Table 3.3 shows a Latin Hypercube design with three parameters. Here the values (A, B and C) correspond to the three diffusion recipes and the parameter (p1 to p3) corresponds to three furnaces. This results a scheme where each recipe is tested once in each furnace. In practice, the furnaces should be assigned at random with the columns and the experiment number at random with the rows.


Table 3.3: Latin Hypercube design.
  p1 p2 p3
1 A B C
2 C A B
3 B C C

For the numerical simulation this strategy is adapted slightly. It is very rare that the equipment is parametrized so sufficiently that this kind of fine tuning can be done on a simulation level.

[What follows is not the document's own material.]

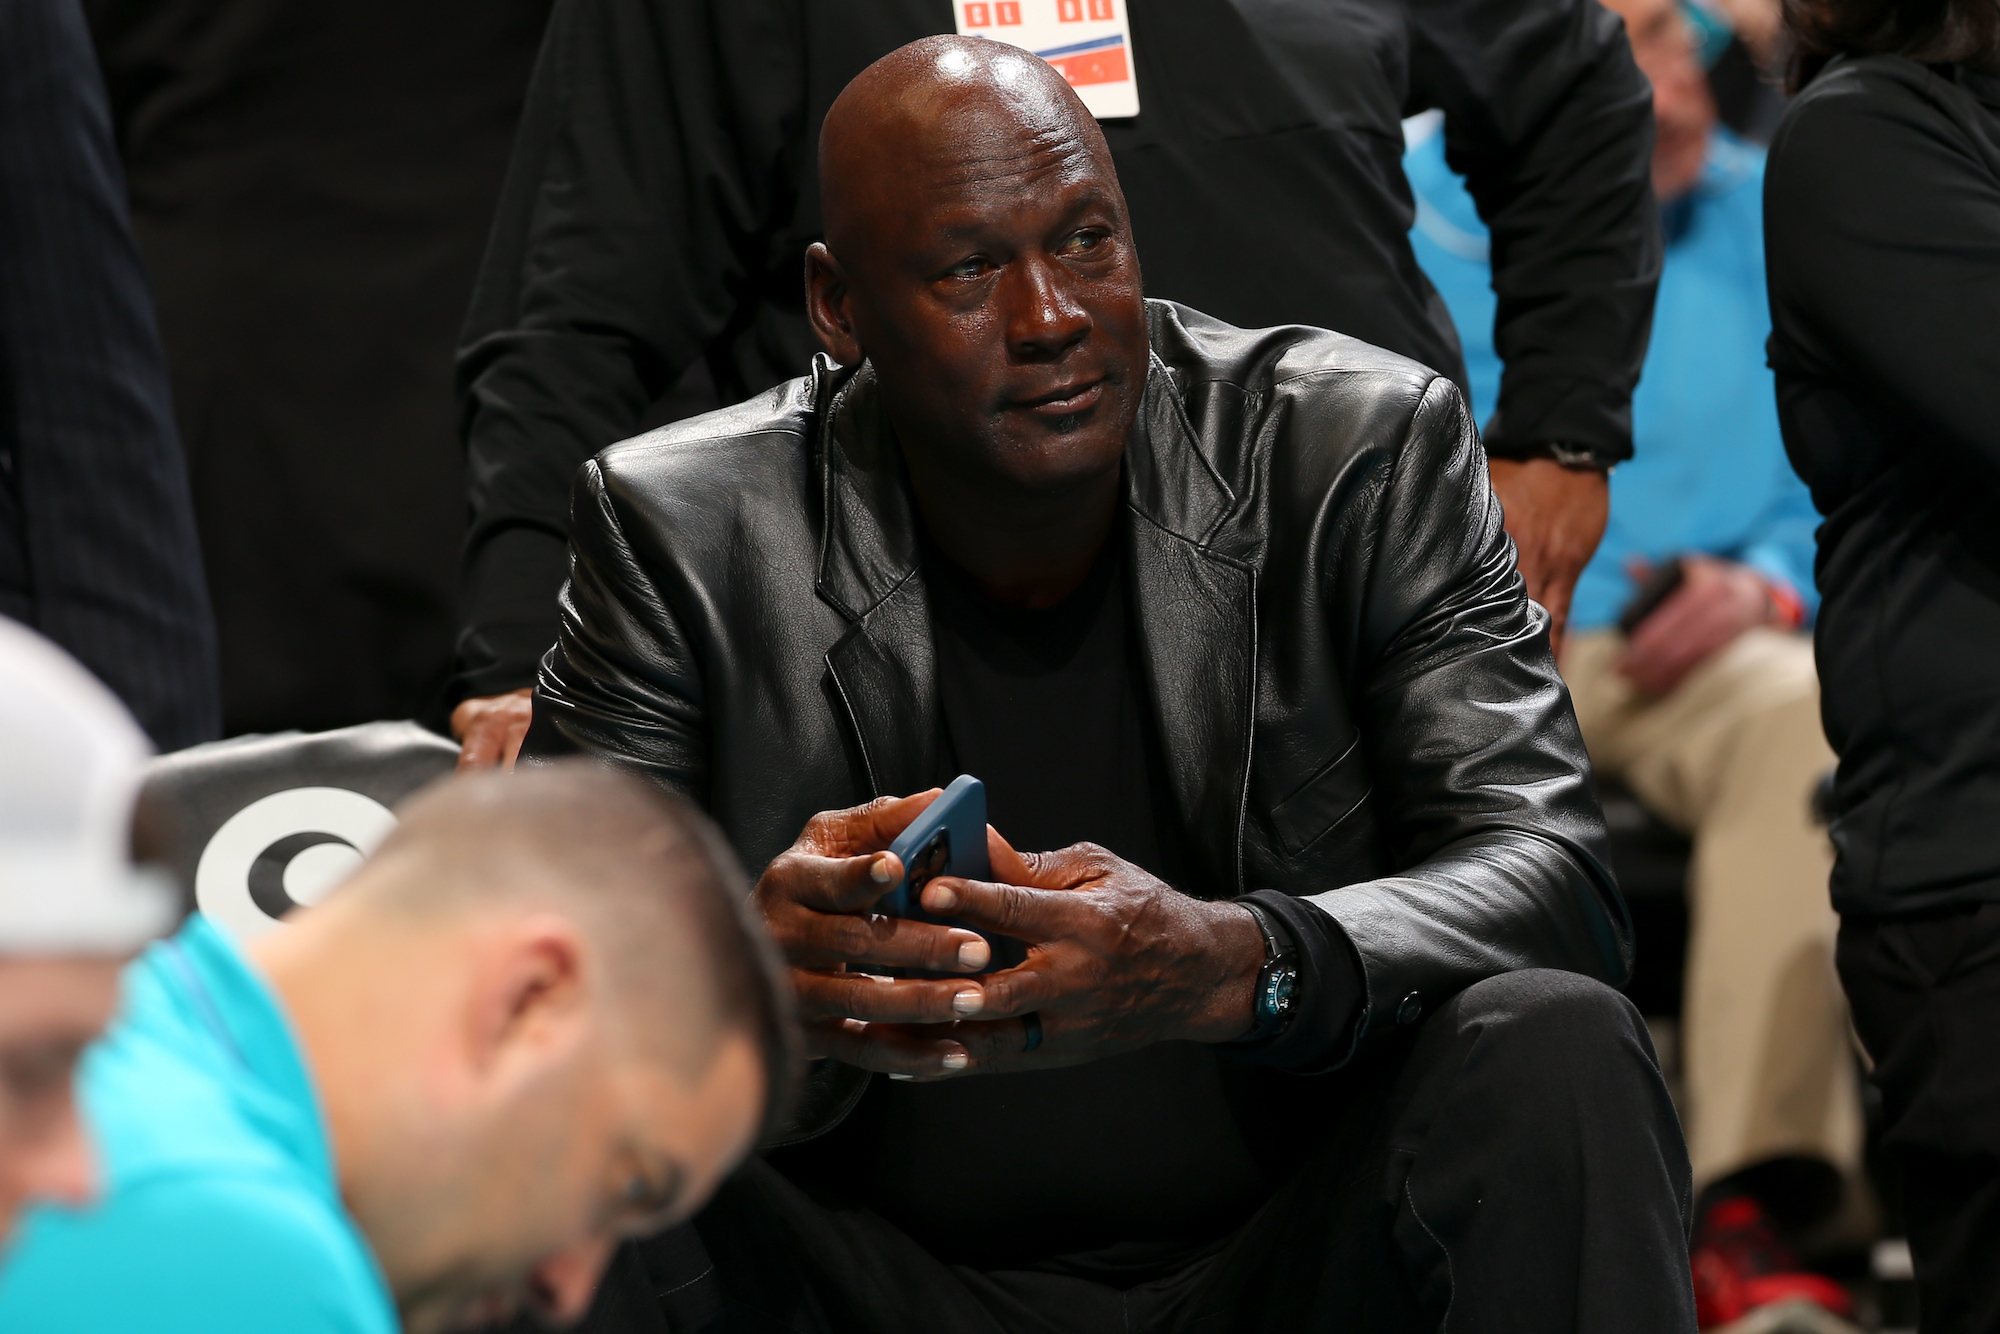 CHARLOTTE, NC - MARCH 1: Michael Jordan attends the game between the Orlando Magic and Charlotte Hornets on March 1, 2023 at Spectrum Center in Charlotte, North Carolina. NOTE TO USER: User expressly acknowledges and agrees that, by downloading and or using this photograph, User is consenting to the terms and conditions of the Getty Images License Agreement. Mandatory Copyright Notice: Copyright 2023 NBAE (Photo by Kent Smith/NBAE via Getty Images)

The way this method is used in simulation is for the column (in the example the furnace) to be replaced by a control parameter. The recipe is replaced by a subregion of the parameter and the row is again an experiment.

The number of experiments is equal to the size of the subsections and can be larger than the number of control parameters

The algorithm is working in two loops

1. For every parameter of an experiment the m intervals are randomly chosen, under the condition that each interval is only taken once for all m experiments.
2. For each parameter value a random number is taken out of the selected intervals.

In the Table 3.4 the output of a four dimensional Latin Hypercube design with the ranges -1 - 1 is shown.


Table 3.4: Latin Hypercube design.
  p1 p2 p3 p4
1 0.5669910 -0.2465637 -0.3702434 -0.7918264
2 -0.8699596 -0.7146524 0.1408818 0.8313969
3 -0.2900985 0.4635731 0.5991107 0.09391561
4 0.09718282 0.6744157 -0.7708488 -0.09295038

The values of input parameters p1 and p2 are shown in Figure 3.4. The small boxes represent the subsections of the control parameter ranges for p1 and p2, and the numbers represent evaluation points located in the subregion corresponding to Table 3.4.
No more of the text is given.